*Exercise details*:
Pictures excluded, return every entry exactly, please.

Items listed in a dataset
■ ■ ■ ■ ■

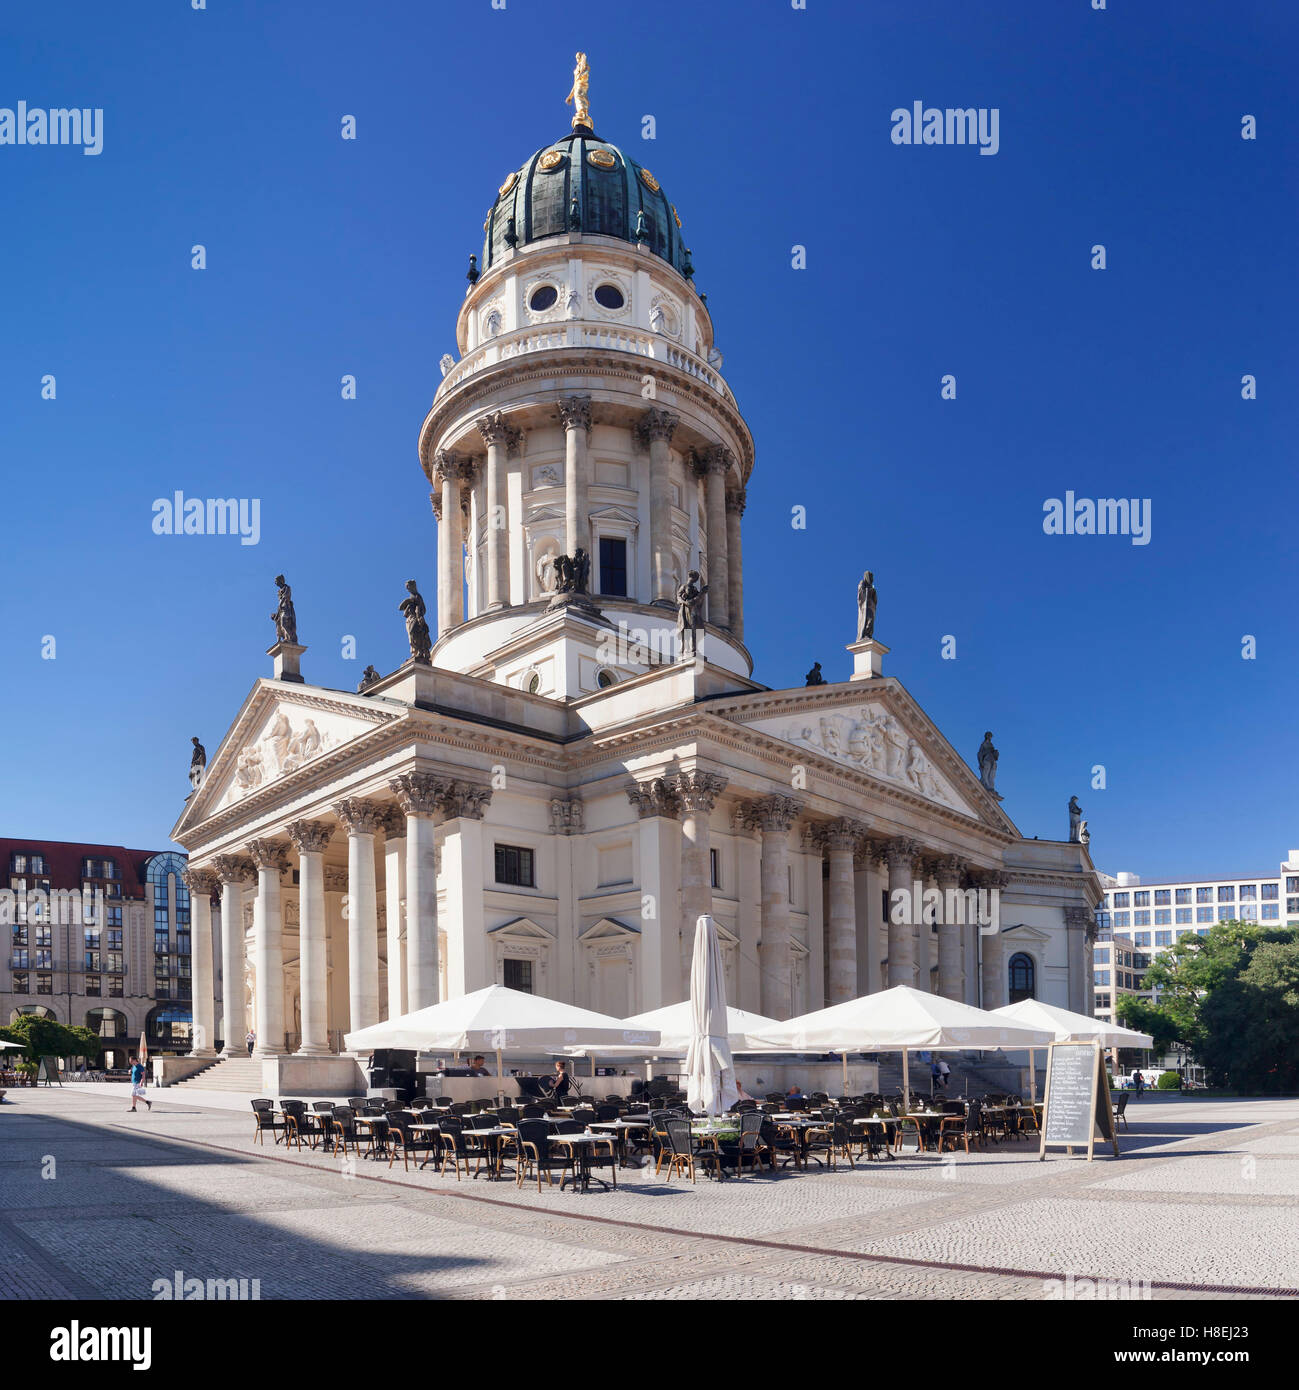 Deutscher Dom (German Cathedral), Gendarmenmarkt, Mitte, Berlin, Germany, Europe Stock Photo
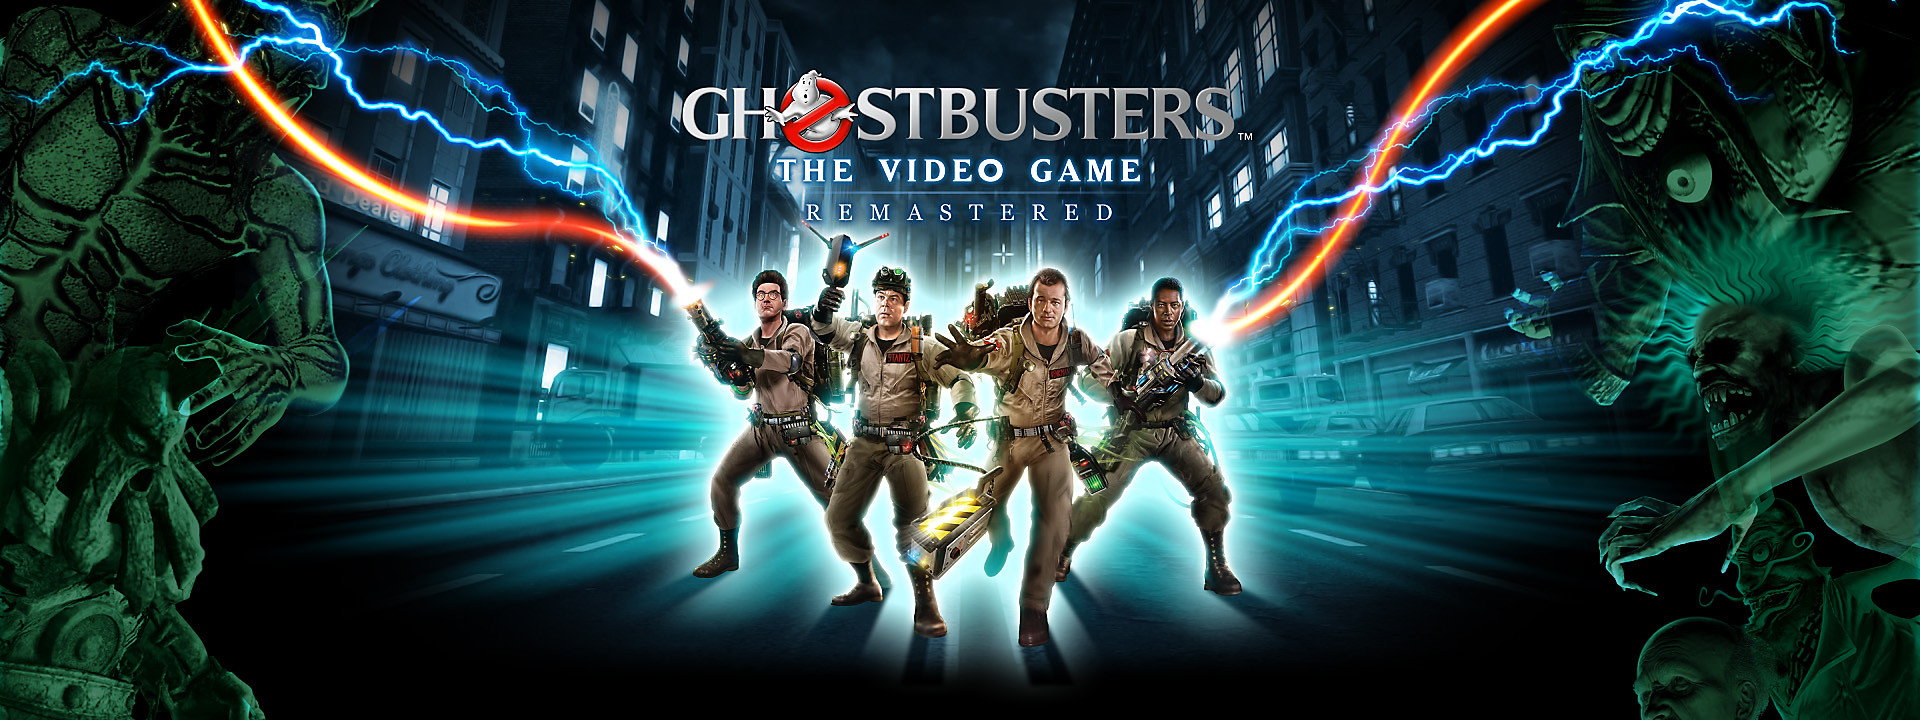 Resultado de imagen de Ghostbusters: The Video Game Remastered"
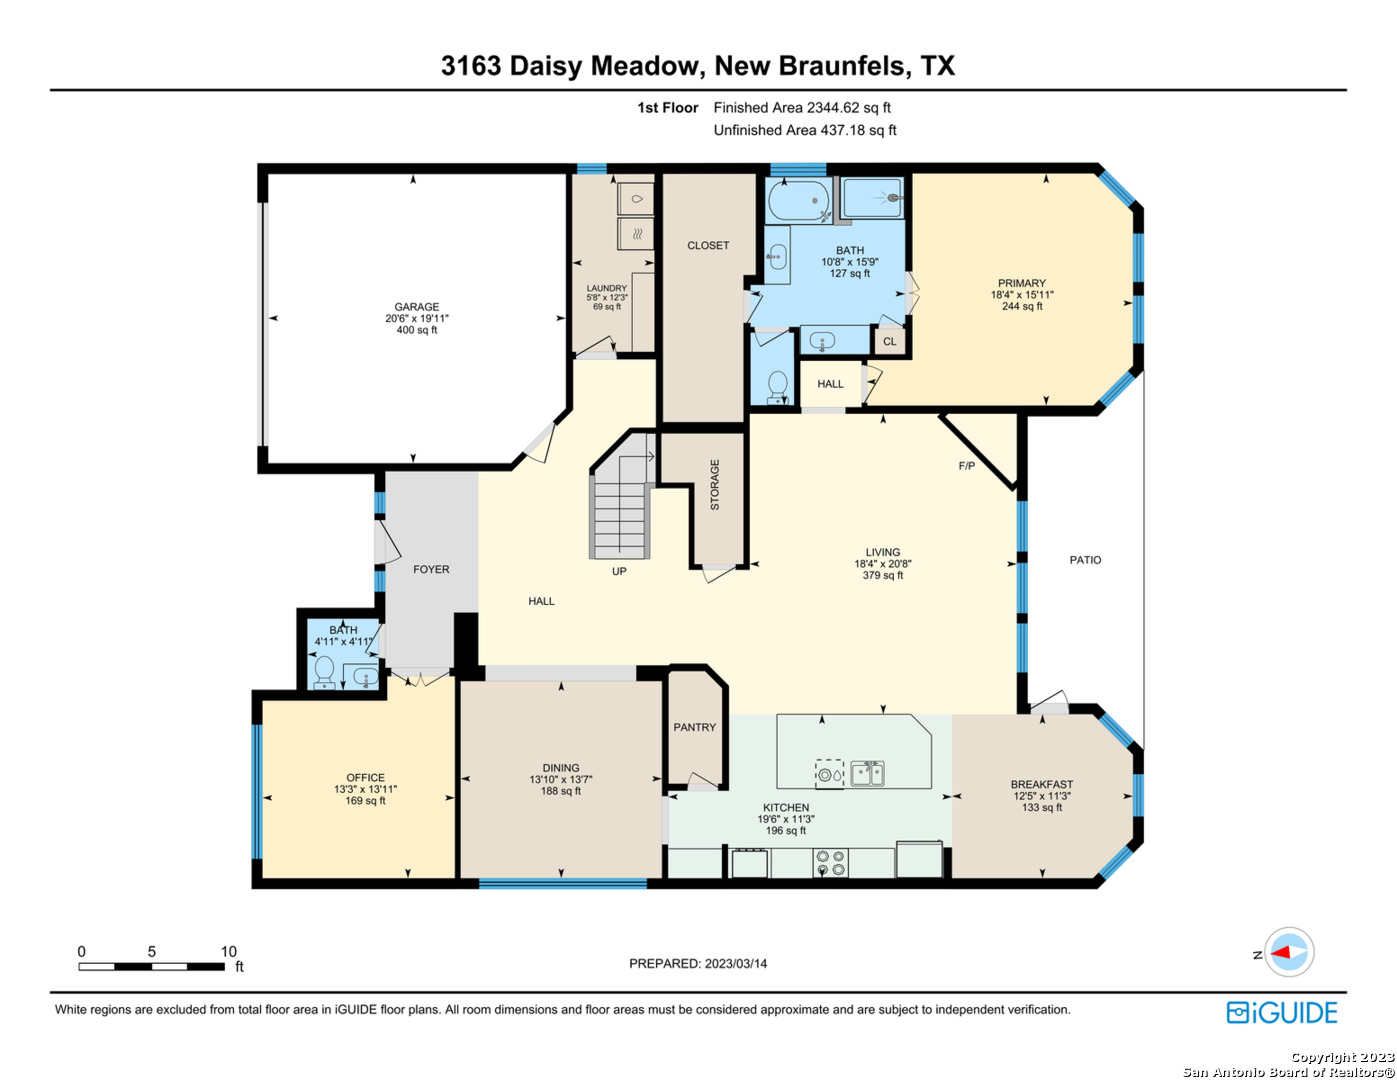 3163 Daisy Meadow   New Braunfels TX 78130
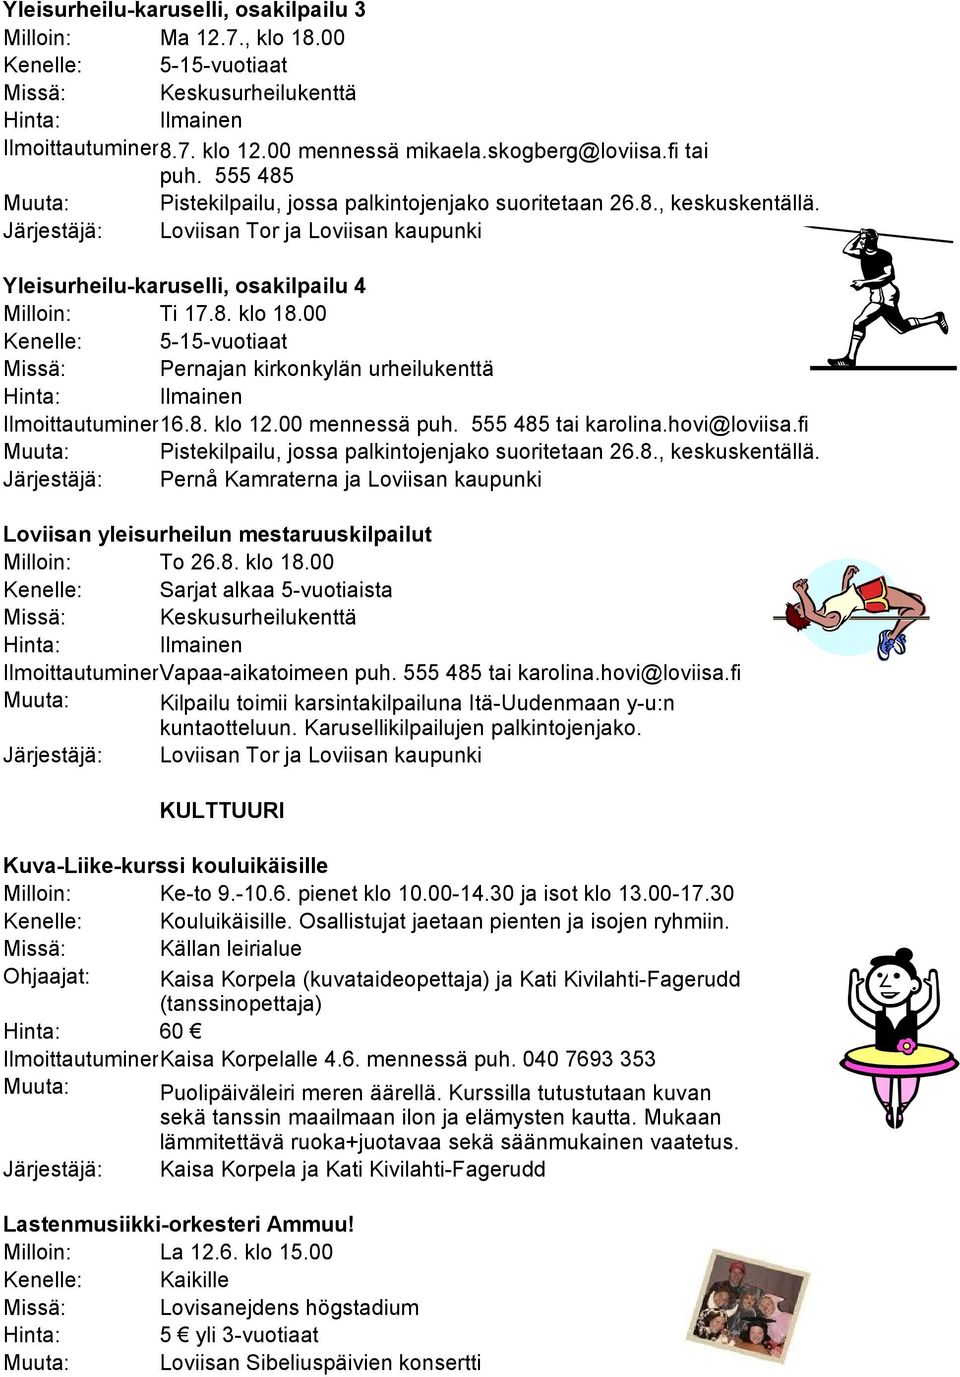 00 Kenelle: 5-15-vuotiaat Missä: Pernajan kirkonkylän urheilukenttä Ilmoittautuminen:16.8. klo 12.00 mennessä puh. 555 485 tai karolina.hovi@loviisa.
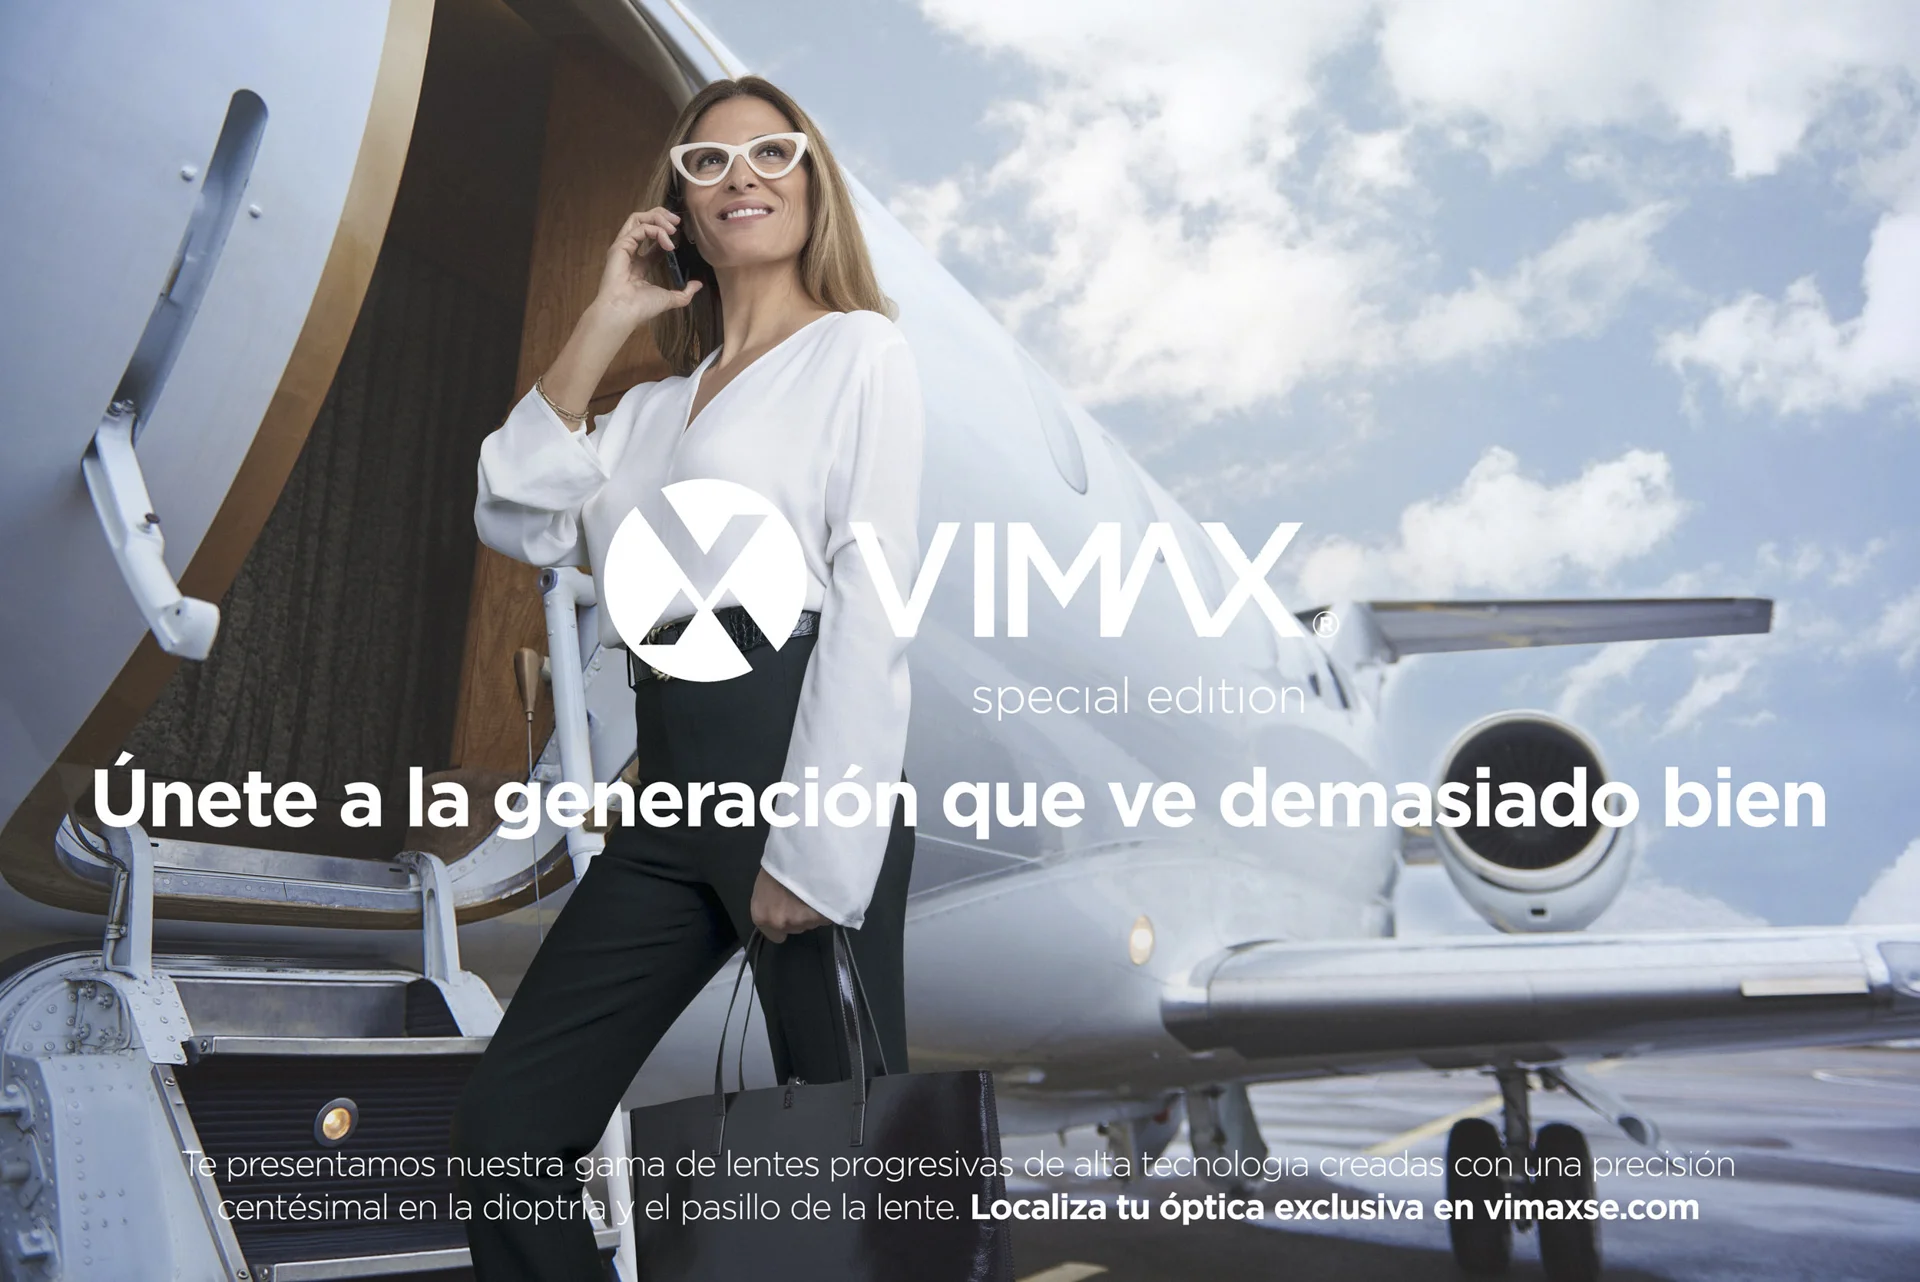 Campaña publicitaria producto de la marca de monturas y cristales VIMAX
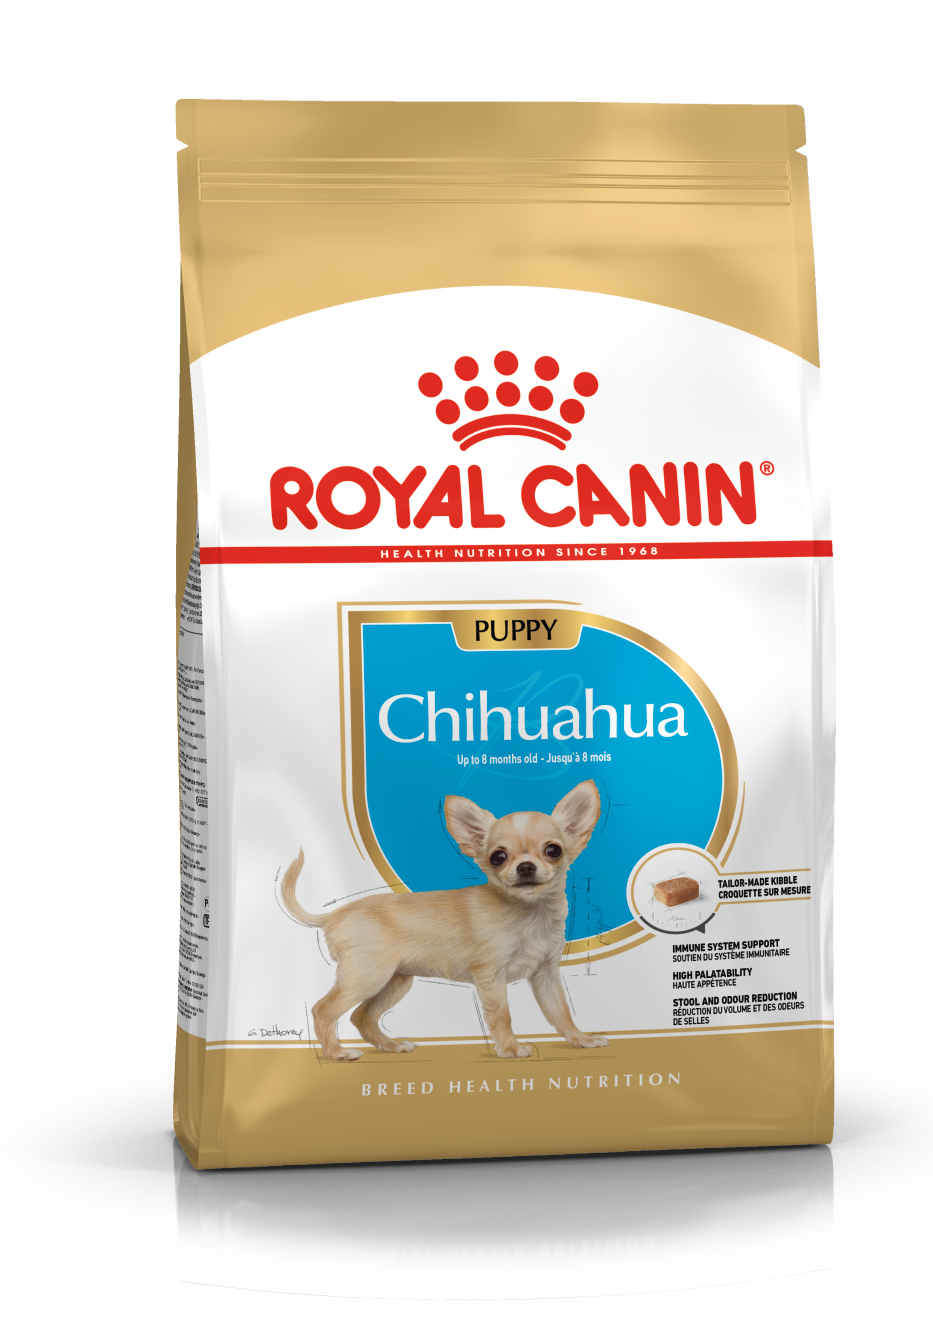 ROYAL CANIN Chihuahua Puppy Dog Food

■ ■ ■ ■ ■

*Answer box*:
 Deutscher Dom (German Cathedral), Gendarmenmarkt, Mitte, Berlin, Germany, Europe Stock Photo
 Resultado de imagen de Ghostbusters: The Video Game Remastered"
 3163 Daisy Meadow   New Braunfels TX 78130
 00 Kenelle: 5-15-vuotiaat Missä: Pernajan kirkonkylän urheilukenttä Ilmoittautuminen:16.8. klo 12.00 mennessä puh. 555 485 tai karolina.hovi@loviisa.
 Campaña publicitaria producto de la marca de monturas y cristales VIMAX
 ROYAL CANIN Chihuahua Puppy Dog Food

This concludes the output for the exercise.